The cause to adapt to modernism is clear in the layout of the Beamish article, and it is as though the two articles are moving in ironically inverse directions. The Beamish article is an event of a past era, adjusting its advertisement to the modern times with social media reviews, coloured photography and refined language. However Calder’s article is his personal review of his experience with the Nemesis, and uses historical and political references of the past to clarify his thoughts and feelings. Calder may use such allusions simply to allow the reader to visualize what's happening by evoking a mental picture, or to proclaim the realistic sense of fear that the Nemesis instils within its participants.
The conclusion ascertained from studying the articles of The Independent and the Beamish is that they approach their purposes with alternate methods and perspectives and communicate distinct ideas.

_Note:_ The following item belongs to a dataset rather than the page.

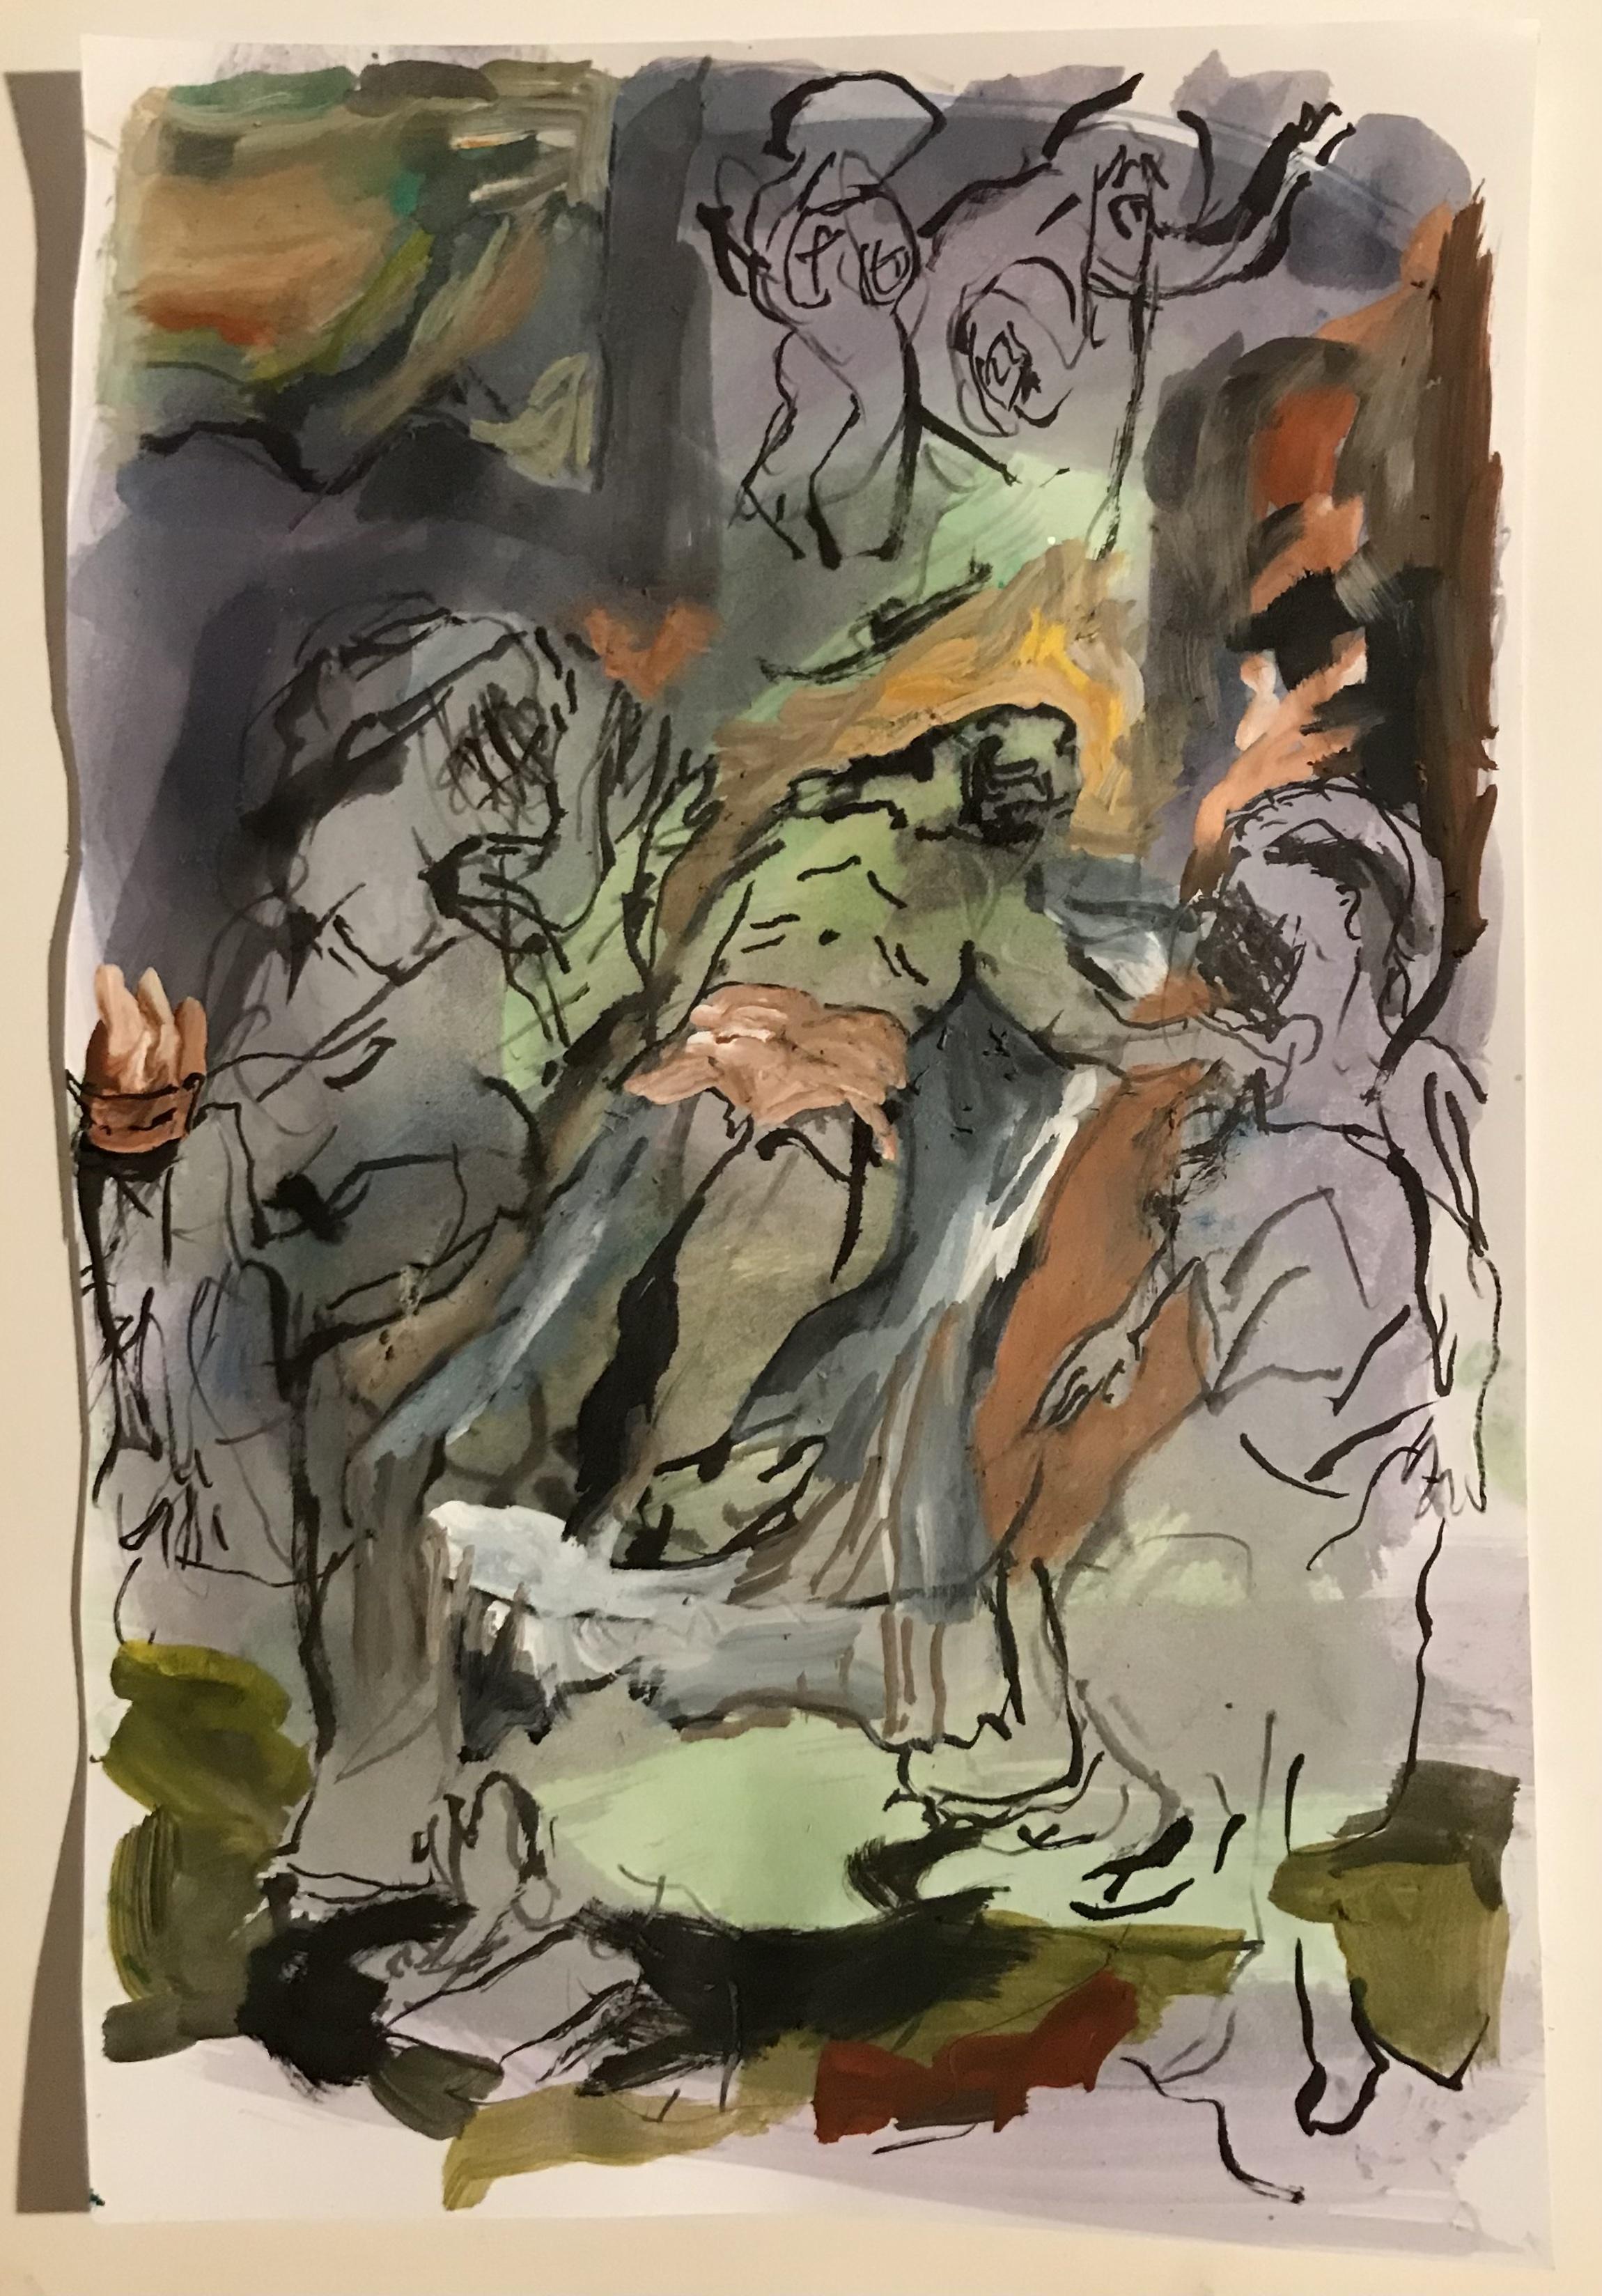 Untitled, paint on paper cm 17x25, 2021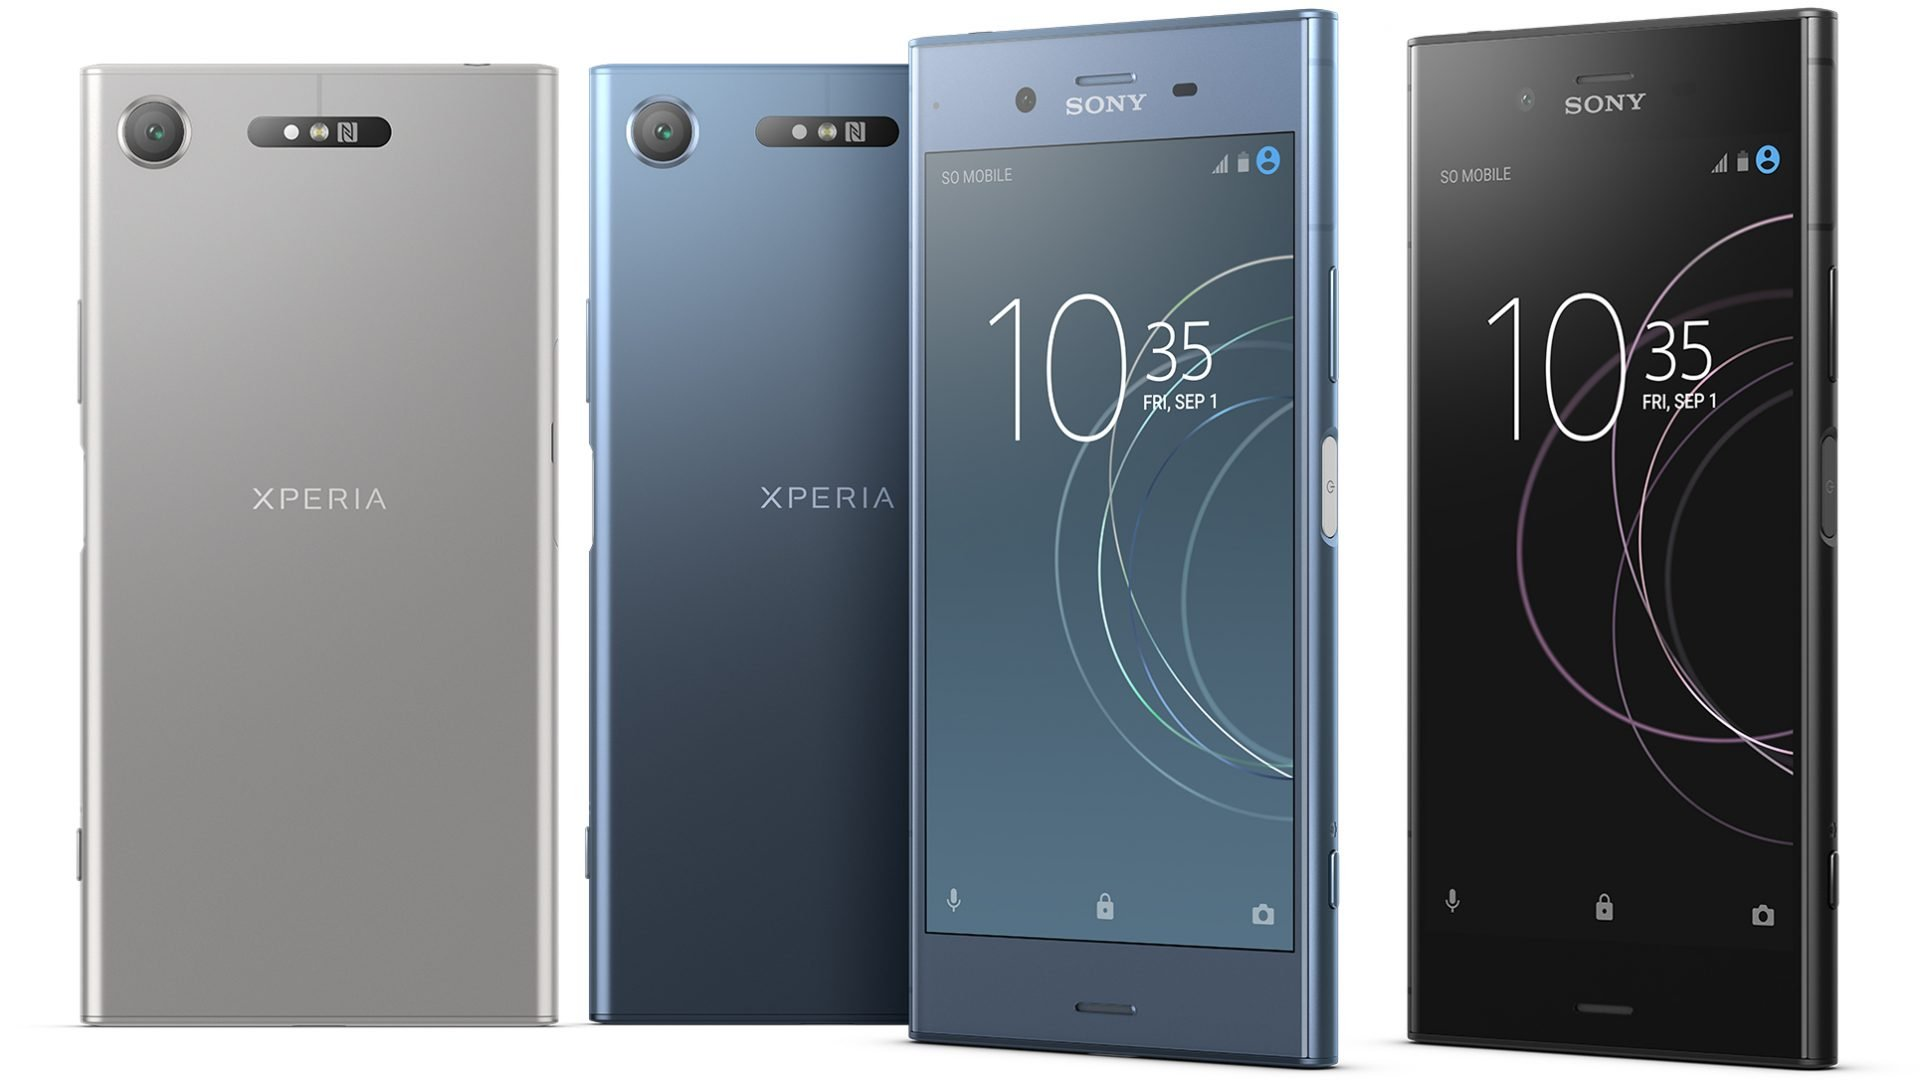 Sony Xperia XZ1 mavi siyah beyaz

However, the articles are also similar because they both imply respectable parlance, as well as tone and overall design. More so, each article achieves its purpose of displaying the overarching theme and opinion. The Nemesis is demeaned by Calder’s review; however his company of Dr Tennent supports the effectiveness of the attraction. While on the other hand, the Beamish article reinforces its appeal with quality reviews and clearly illustrates through text or image, the traditional experience of the North.